Cette caractérisation de la raison a pour objectif la banalisation d’une
faculté que le rationalisme a eu tort d’absolutiser et d’idolâtrer. Chez Hume, la
banalisation ou la profanation de la raison est l’expression d’un sentiment de
révolte contre le logocentrisme des philosophes modernes. Ceux qui, comme
Horkheimer, Adorno, Feyerabend, Lakatos, Lyotard, etc., ont embouché les
trompettes pour dénoncer la dérive identitariste et totalitariste d’une raison qui
se prend pour le centre du monde, marchent sur les traces de Hume qui soutenait
déjà qu’elle ne peut aliéner la diversité ou la pluralité des perceptions atomiques
qu’au moyen d’un nominalisme problématique. Sa volonté d’identariser
l’hétérogène en le subsumant sous des catégories abstraites est vaine, car les
abstractions que la raison construit à cet effet sont de simples fictions
fantastiques.

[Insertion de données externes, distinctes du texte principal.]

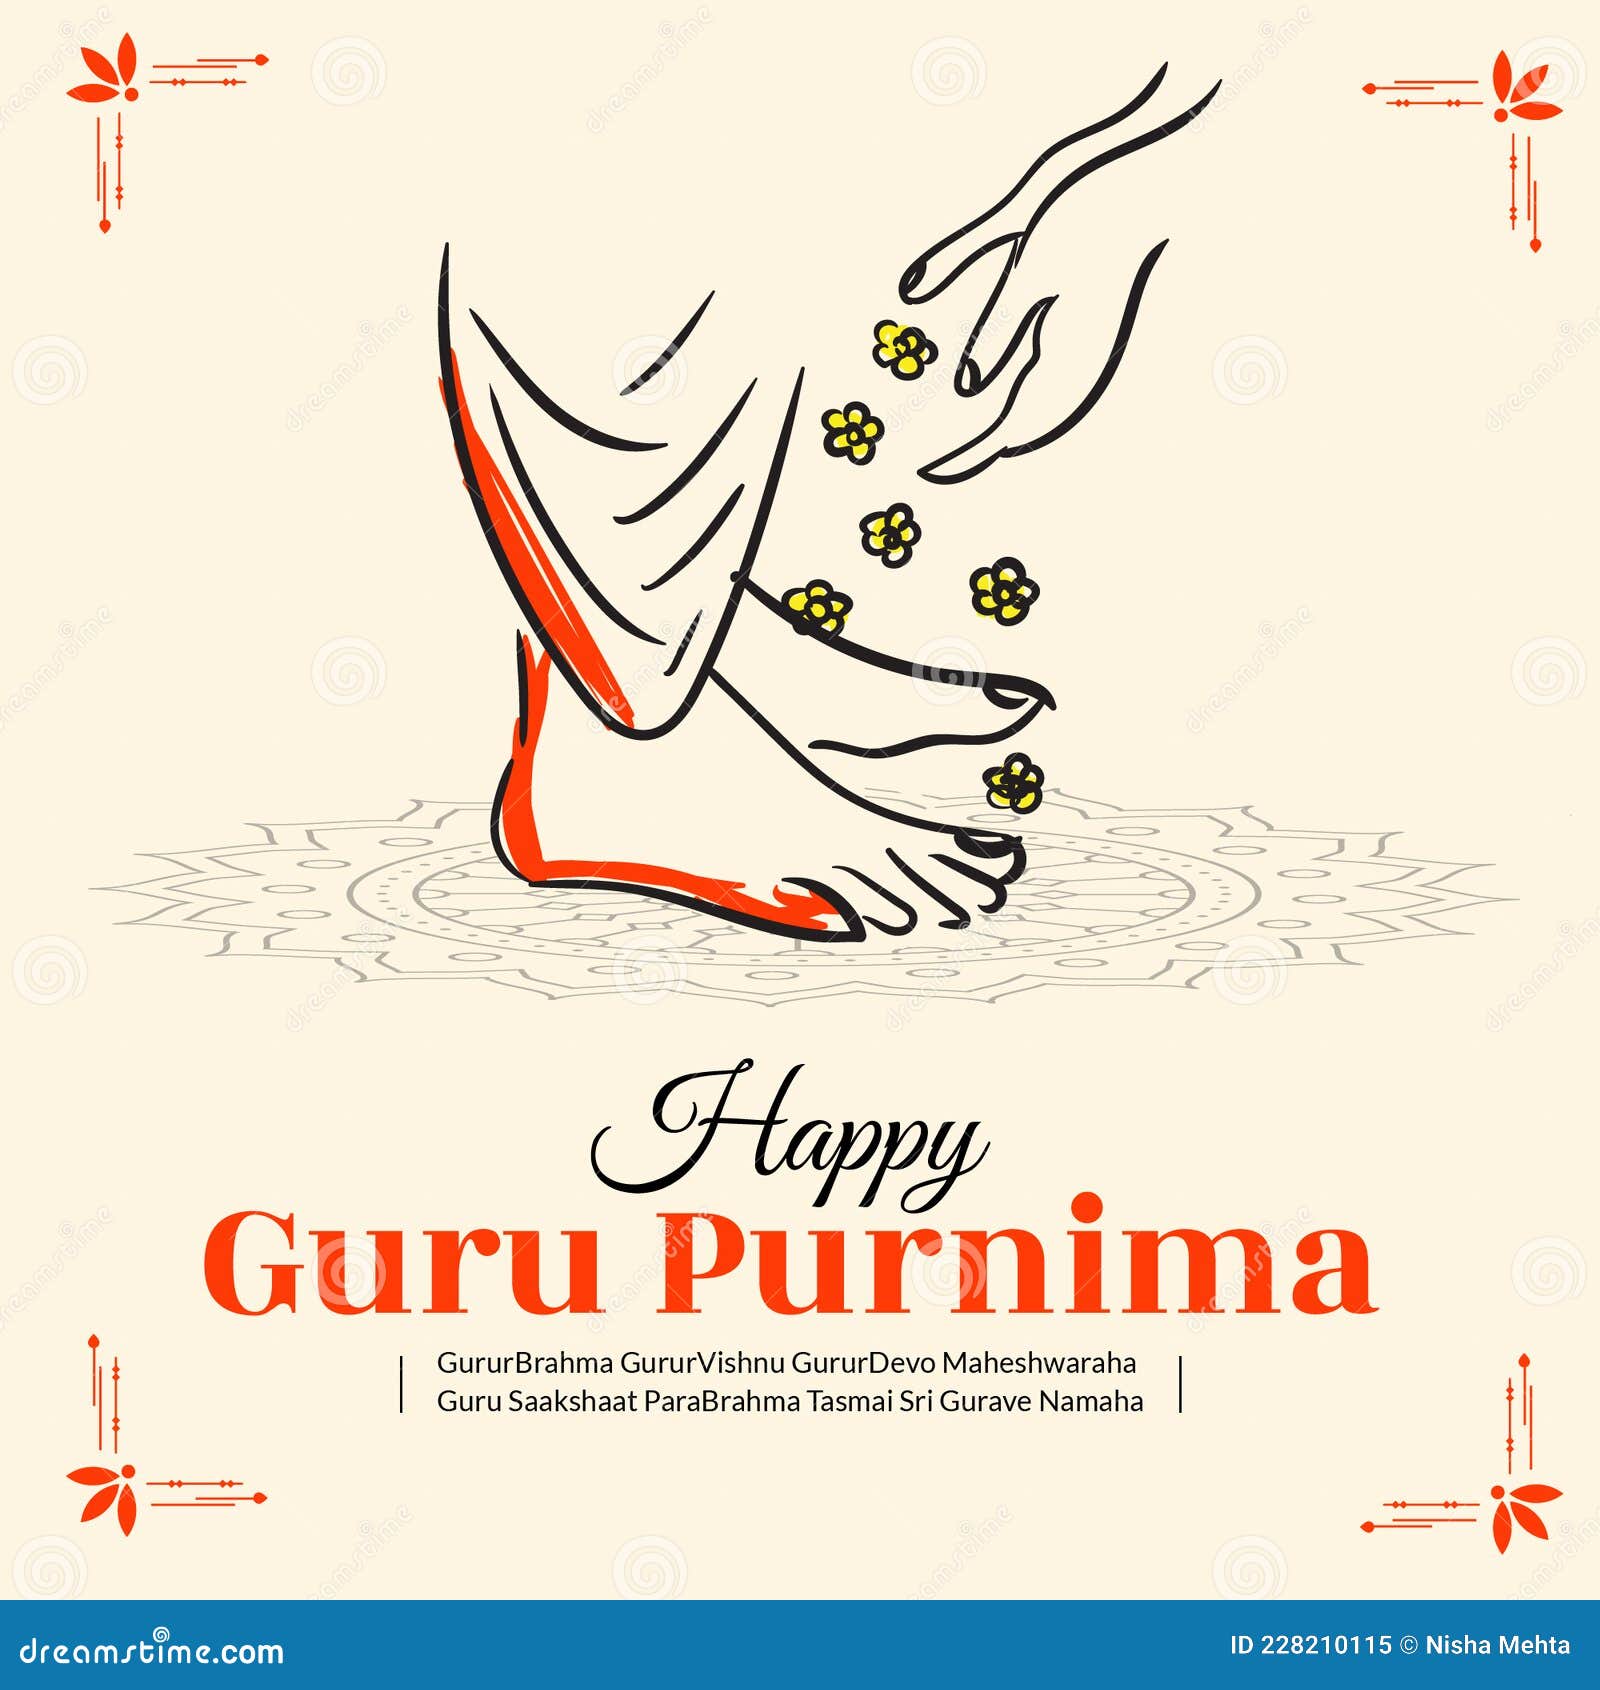 How to draw Guru Shishya  Guru Purnima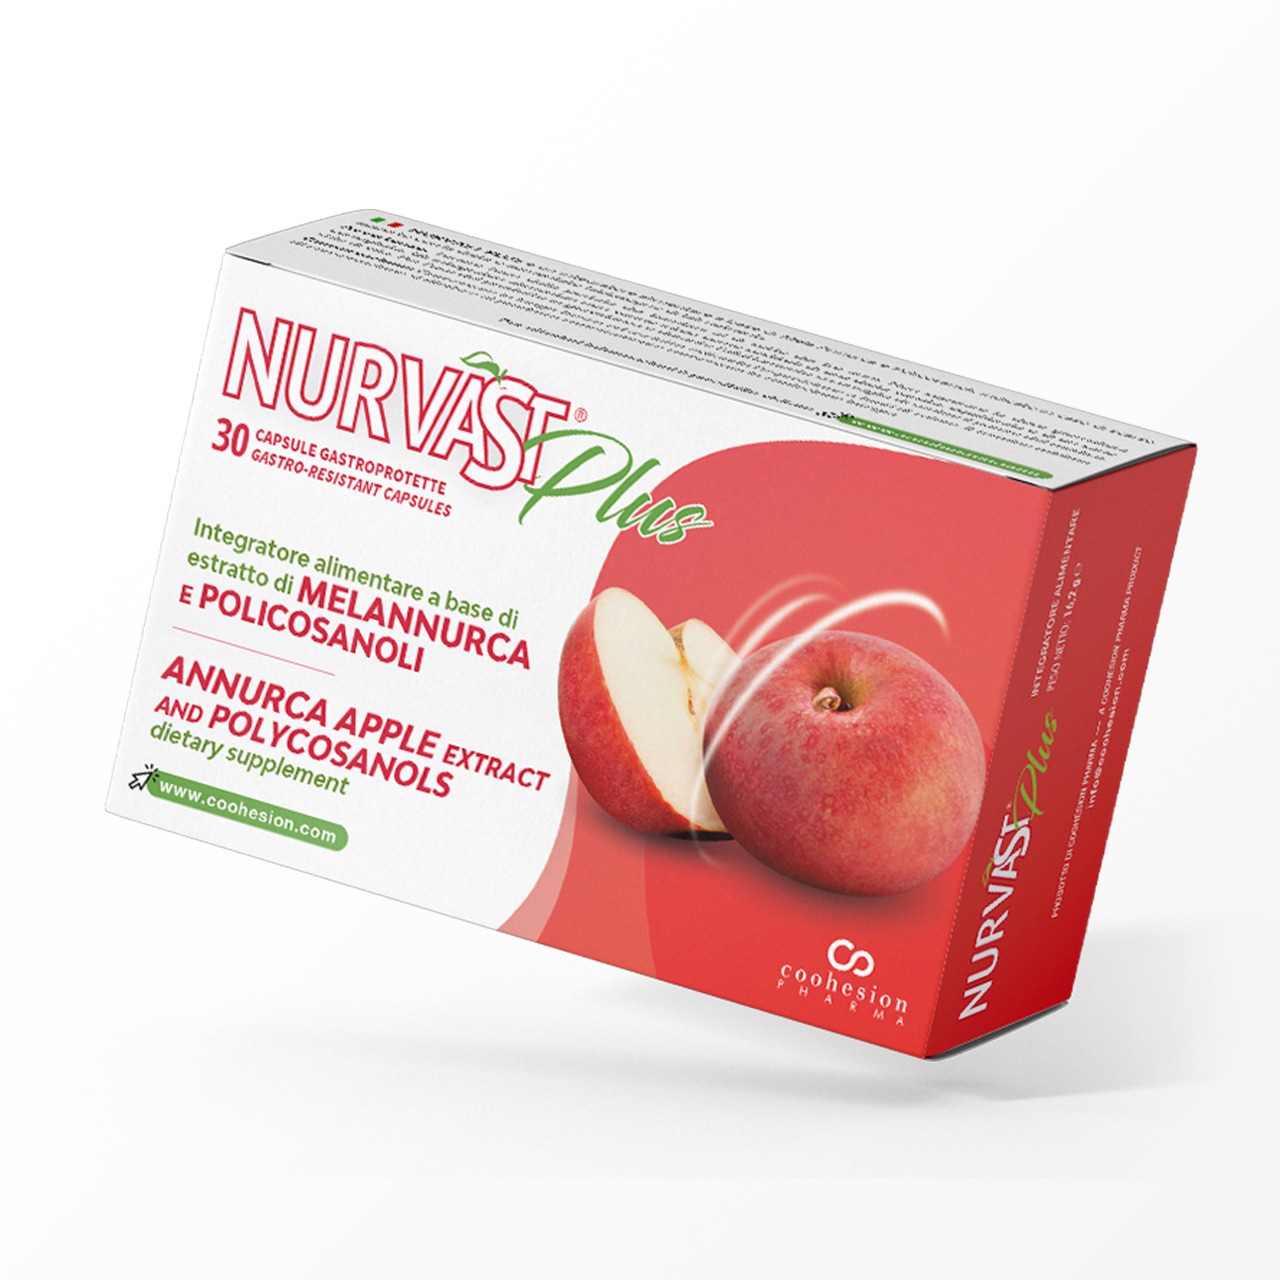 Nurvast Plus - Annurca apple extract and Polycosanols based dietary supplement

Chez Hume, cette approche différentialiste est déductible du
« principe de différence » ou du « principe des diversités des discernables ».
Cette conception fragmentaire du réel a dû inspirer le postmodernisme dans sa
critique de l’universalisme despotique de la Raison.
- Jaume (L.), La Liberté et la loi. Les origines philosophiques du libéralisme, Fayard, 2000, p. 215.